Sheridan married psychologist and fellow socialist Anthony Wainwright, in Lewes, East Sussex, in 1968. Their son, Luke Anthony, was born in Edinburgh in 1972. She married Barry Stierer in 1996.

== Mass Observation Archive ==
Tom Harrisson offered Sheridan a temporary job in 1974, working to establish the Mass Observation papers as a history resource. This job became permanent, with Sheridan acting as the first archivist. She performed a variety of jobs there, beginning by labelling boxes and telephoning Harrisson with updates and moving on to develop and promote the archive. In 1976, Harrisson had given her money to buy a car and learn to drive so that she could chauffeur him when he visited, but he died before this happened so she purchased a motorbike instead.

In 1981, Sheridan co-founded the launch of the contemporary phase of Mass Observation, the Mass Observation Project that collects new material about everyday life. She combined the management of the Mass Observation Archive (MOA) with research, writing and publishing, and travelled extensively to promote Mass Observation, autobiographical writing and ethical archiving.

Sheridan became Director of the MOA in 1990. She acted as researcher and consultant on the digital resources developing from the archive, and had to adjust to tasks such as electronic research support within the University of Sussex, which took her away from her main interests in life history research and archiving.

In 2010, Sheridan retired from her role as Director, but continued her involvement as a Trustee of the MOA.

=== Publications ===
Sheridan has written and co-authored a number of books, largely involving Mass Observation materials.
- Speak for Yourself: Mass Observation Anthology, 1937–49 (with Angus Calder, 1984).
- Among You Taking Notes (1985).
- Mass Observation at the Movies (1987).
- Wartime Women: A Mass Observation Anthology (1990).
- Writing Ourselves: Mass-Observation and Literacy Practices (with Brian Street & David Bloome, 2000).
- "The Mass Observation Archive: A History", Mass Observation Online (2009).
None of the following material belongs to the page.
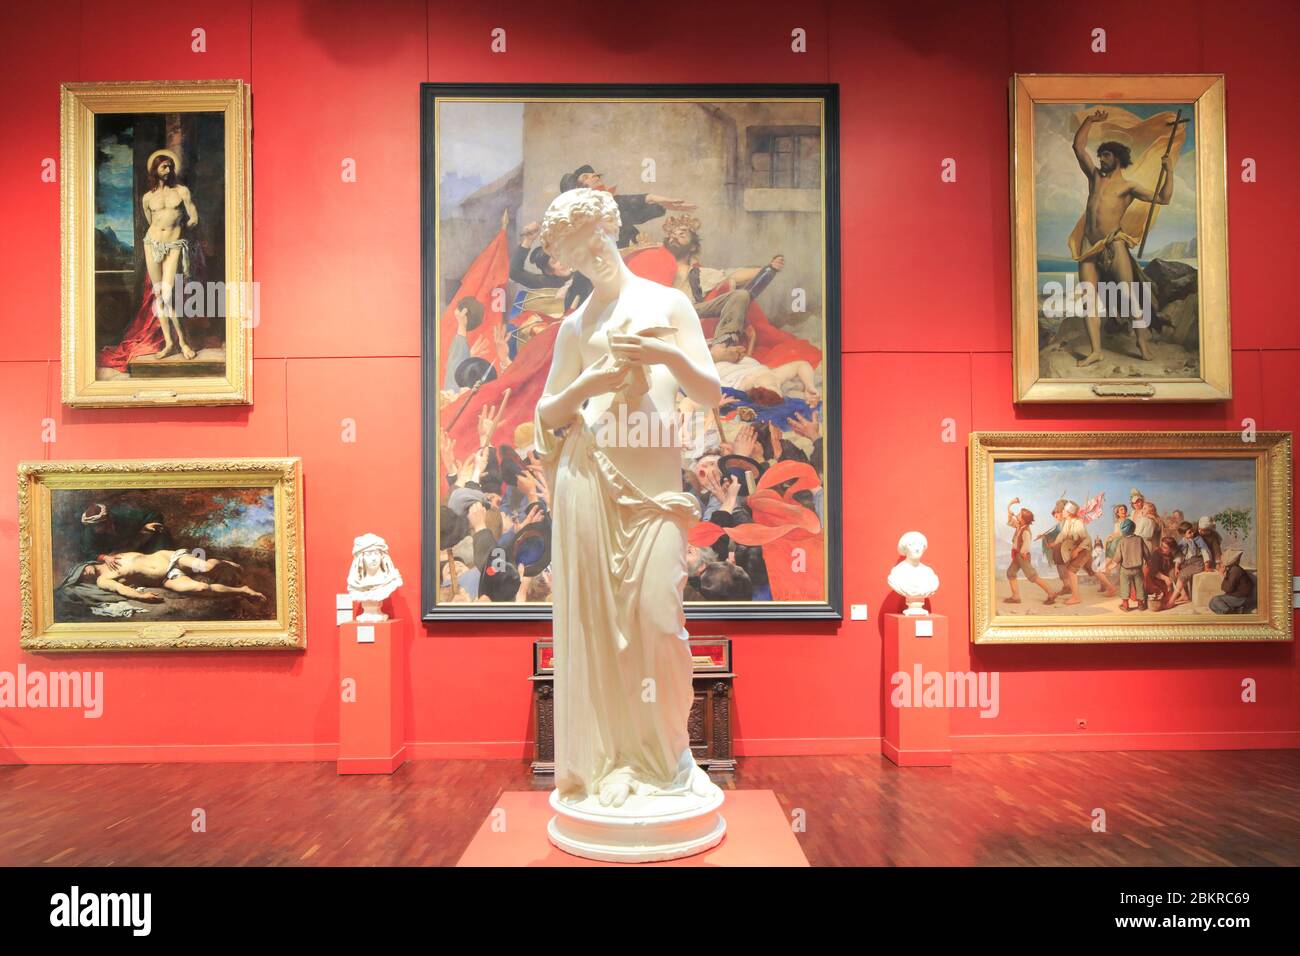 France, Loiret, Orléans, Musée des Beaux Arts (fondé en 1797), salle rouge (collections françaises du XIXe siècle) Banque D'Images

== Other roles and activities since 2010 ==
Sheridan became the Head of Special Collections at Sussex in 2000, working in this role until retiring in 2008.

Sheridan is an advisor to the National Life Stories project at the British Library and acted as consultant on the "Observing the Eighties" project, which brought together materials from the Life Stories and MOA.

Sheridan was a member of the management committee of community publishing group QueenSpark Books between 1996 and 2010, and continues to be involved in their work as a patron.

In her retirement, Sheridan has developed her political interests, continuing in her solidarity work for Palestine, which began after a first visit to Palestine in 2004. She remains a committed and active socialist and feminist. In 2016, Sheridan obtained a qualification in Teaching English to Speakers of Other Languages (TESOL) and has re-directed her interest in language and life stories towards working with migrants and refugees. She teaches English in Brighton at the Migrant English Project. She is also a member of the Gatwick Detainees Welfare Group and visits people on immigration detention at the Gatwick Immigration Removal Centre.

== Honours and awards ==
Sheridan was appointed an MBE in 1991. She was also elected Fellow of the Royal Society of Arts.

The Open University awarded Sheridan an honorary doctorate, which she described as her "career high", in 2007.

In 2011, the University of Sussex made Sheridan a 50th Anniversary Fellow. She is also an Honorary Professor at the University, where she co-founded the Life History Research Centre.

Sheridan is Visiting Professor at the University of Brighton, where she is on the advisory board of the Centre for Memory, History and Narratives.